2.2. BP Neural Network

BPNN is a widely used artificial neural network algorithm, typically consisting of three layers of neurons: the input layer, hidden layer, and output layer [21]. The number of nodes in the hidden layer is usually determined by the empirical formula $\sqrt{N_1+N_0}+L$ where N represents the number of nodes in the hidden layer, N₁ represents the number of nodes in the input layer, and N₀ represents the number of nodes in the output layer [22]. The topology is illustrated in Figure 1.

2.3. Improved DBO

2.3.1. DBO

DBO is a novel intelligent optimization algorithm inspired by the rolling, dancing, foraging, stealing, and reproduction behaviors of dung beetles. The algorithm categorizes the dung beetle population into four groups: rolling dung beetle, brooder dung beetle, small dung beetle, and thief dung beetle [23]. Further details can be found in the literature [24].

2.3.2. Improved DBO

Overfitting is a common issue encountered by machine learning models. When the model is too complex, interfered with noise, or when there is limited training data, overfitting is more likely to occur. Therefore, Differential Biogeography Optimization (DBO) is used to optimize the hyperparameters of the Back Propagation Neural Network (BPNN). However, DBO has shortcomings, such as an imbalance in global exploration and local development abilities, which can result in local optimal problems and a weak global exploration ability. To enhance the global search capability of DBO and avoid overfitting BPNN, three strategies are employed to improve DBO. Furthermore, the fitness function is not called multiple times in IDBO. The complexity is consistent with the original DBO.
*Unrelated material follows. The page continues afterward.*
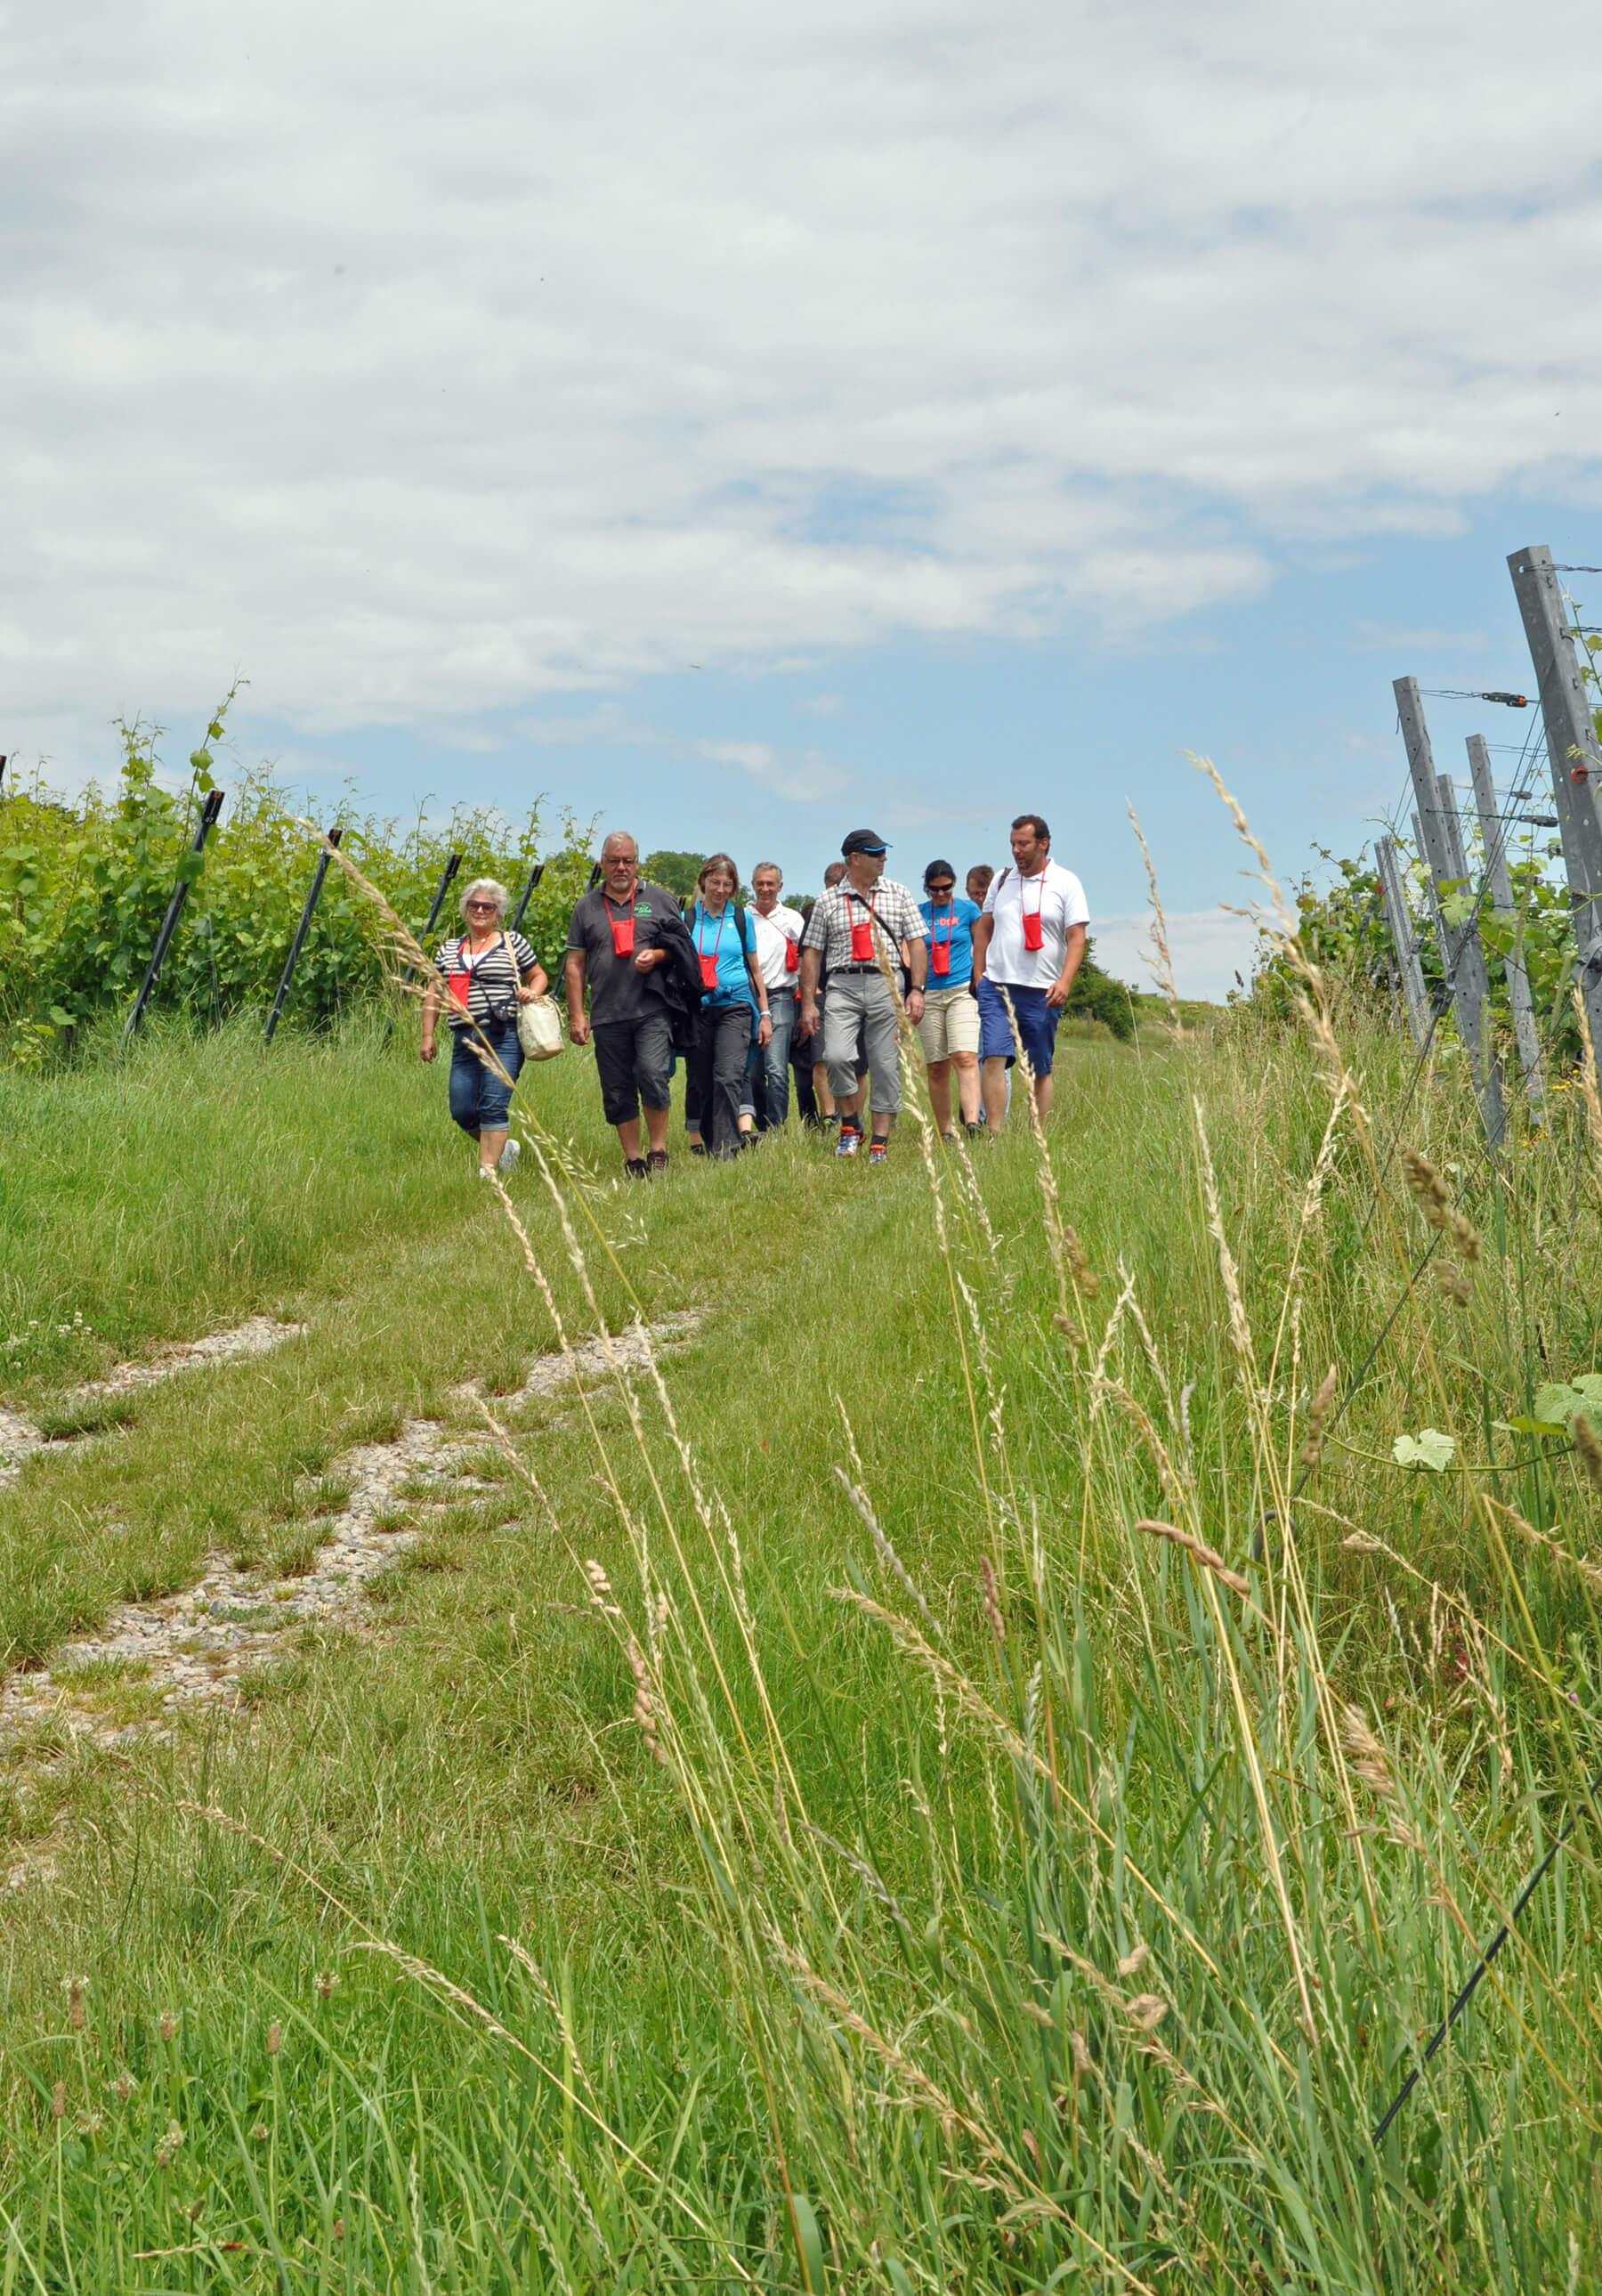 Erkennungszeichen roter Stoffbeutel: Jens Rüdiger (rechts) führt die Gruppe durch die Weinberge

(1) The population is initialized using the Sine chaotic mapping strategy [25]. The utilization of random generation in the initialization process by intelligent optimization algorithms leads to poor ergodicity, which results in a decrease in the quality of the initial solution [26]. However, utilizing chaotic mapping to generate random numbers significantly enhances the fitness function value and distributes them more evenly. This broader search range helps enhance the accuracy and stability of the algorithm, thereby improving its global search capability. Sine mapping, as a typical representative of chaotic mapping, is simple in form and easy to implement [27]. Its specific formula is as follows:

$$x_{k+1}=\frac{1}{4}\sin (\mathsf{\pi }{x}_k), a\in (0,4]$$

(1)

where x_k is the chaos number of the kth iteration.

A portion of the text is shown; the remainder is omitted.